Data for the task: Begin

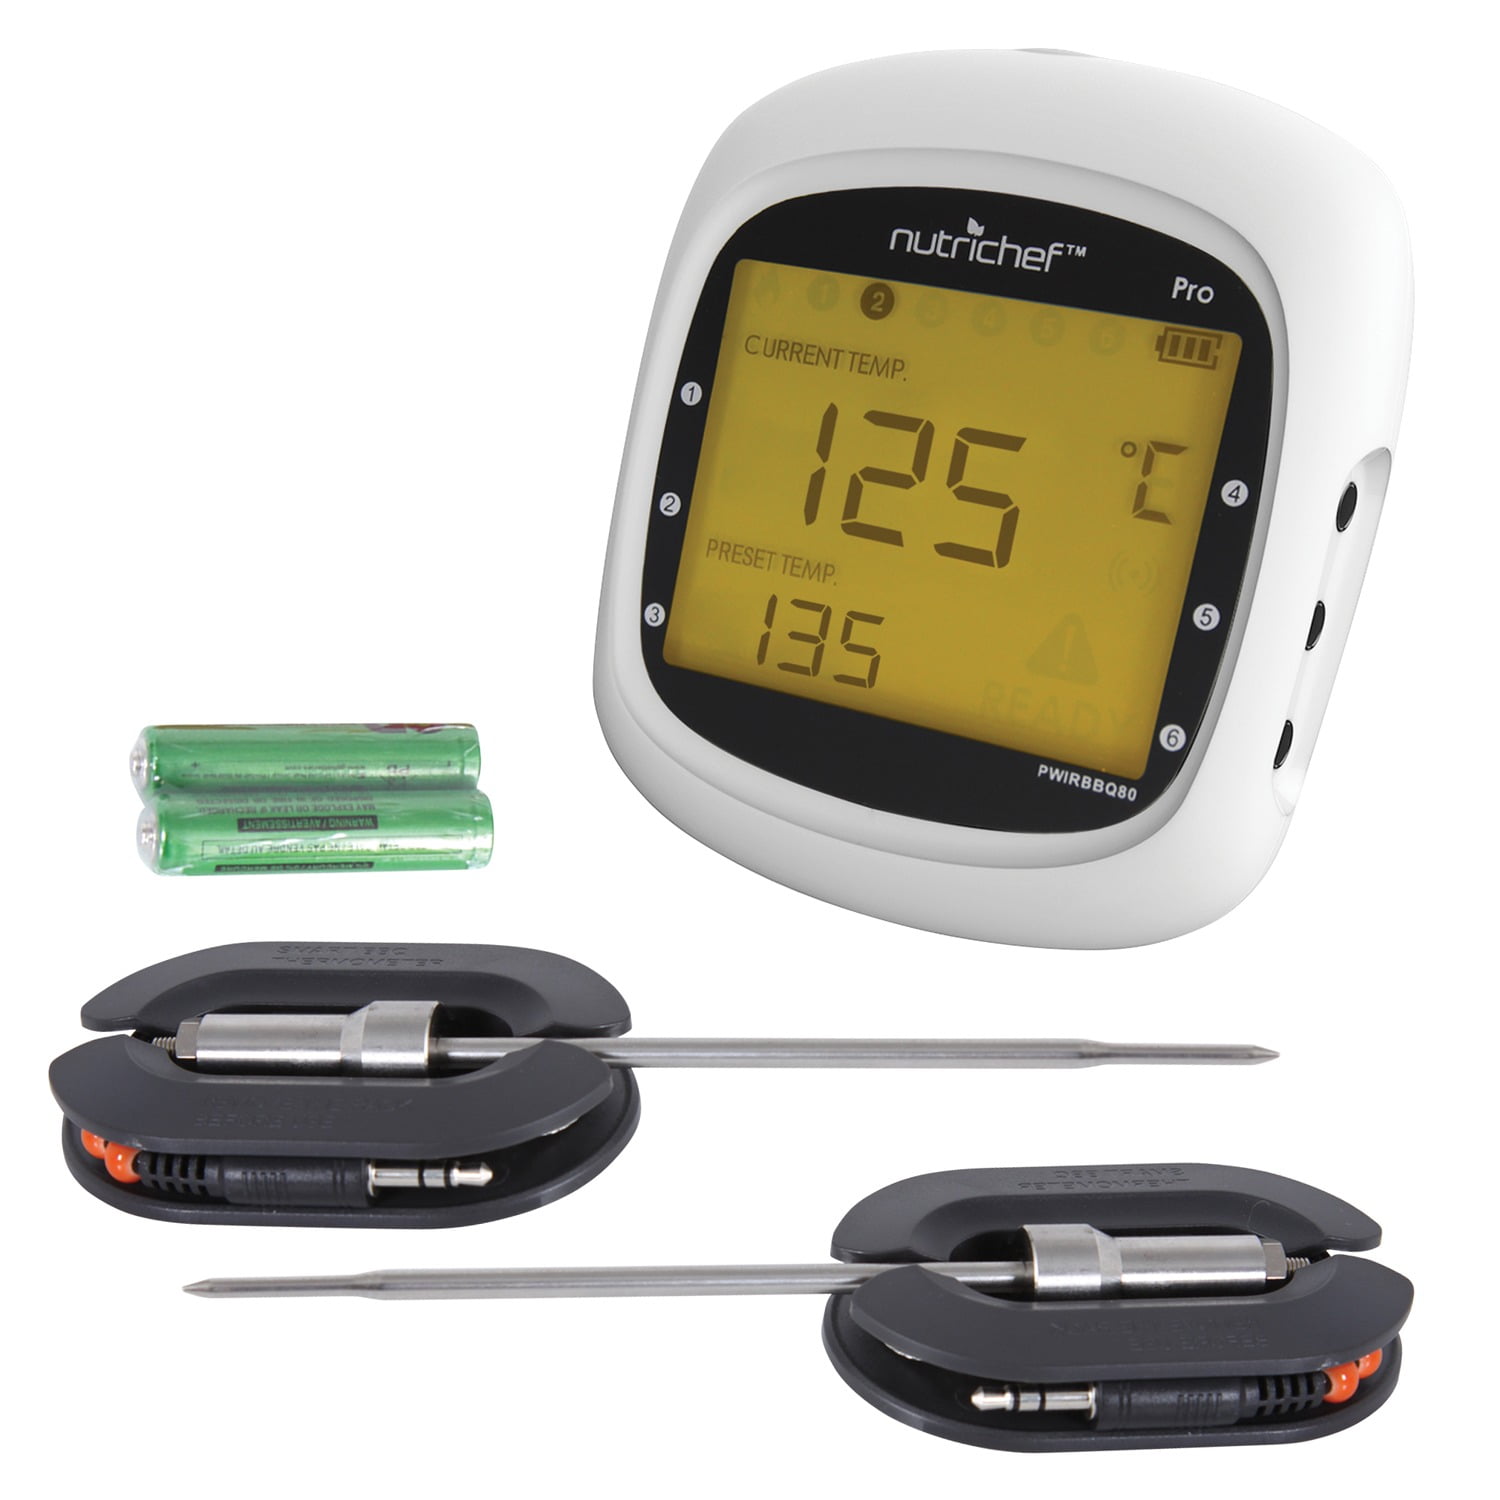 Easy BBQ Nano Smart Wireless Thermometer Black
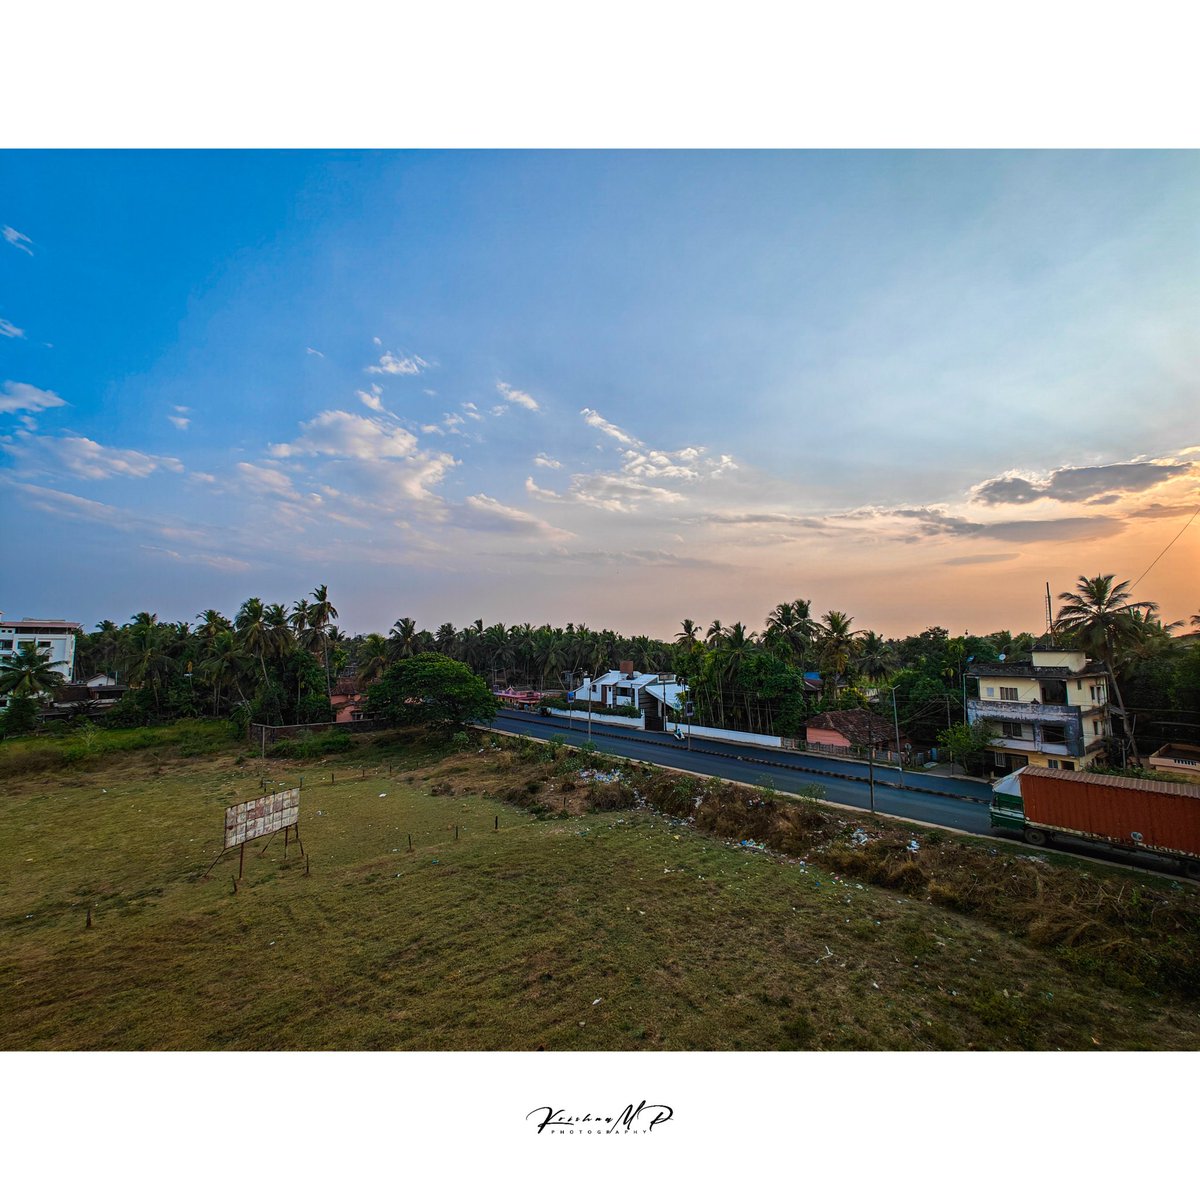 Sunset 🌈
.
.
#sunset_pics #udupidiaries #landsacape #streetphotography #incredibleindia #oneplusindia #shotononeplus #traveludupi #karnatakatourism #netgeoyourshot #krishna_m_p #2023

Data for the task: End

Would you copy every entry exactly as it stands, leaving out the pictures?

 Easy BBQ Nano Smart Wireless Thermometer Black
 Sunset 🌈
.
.
#sunset_pics #udupidiaries #landsacape #streetphotography #incredibleindia #oneplusindia #shotononeplus #traveludupi #karnatakatourism #netgeoyourshot #krishna_m_p #2023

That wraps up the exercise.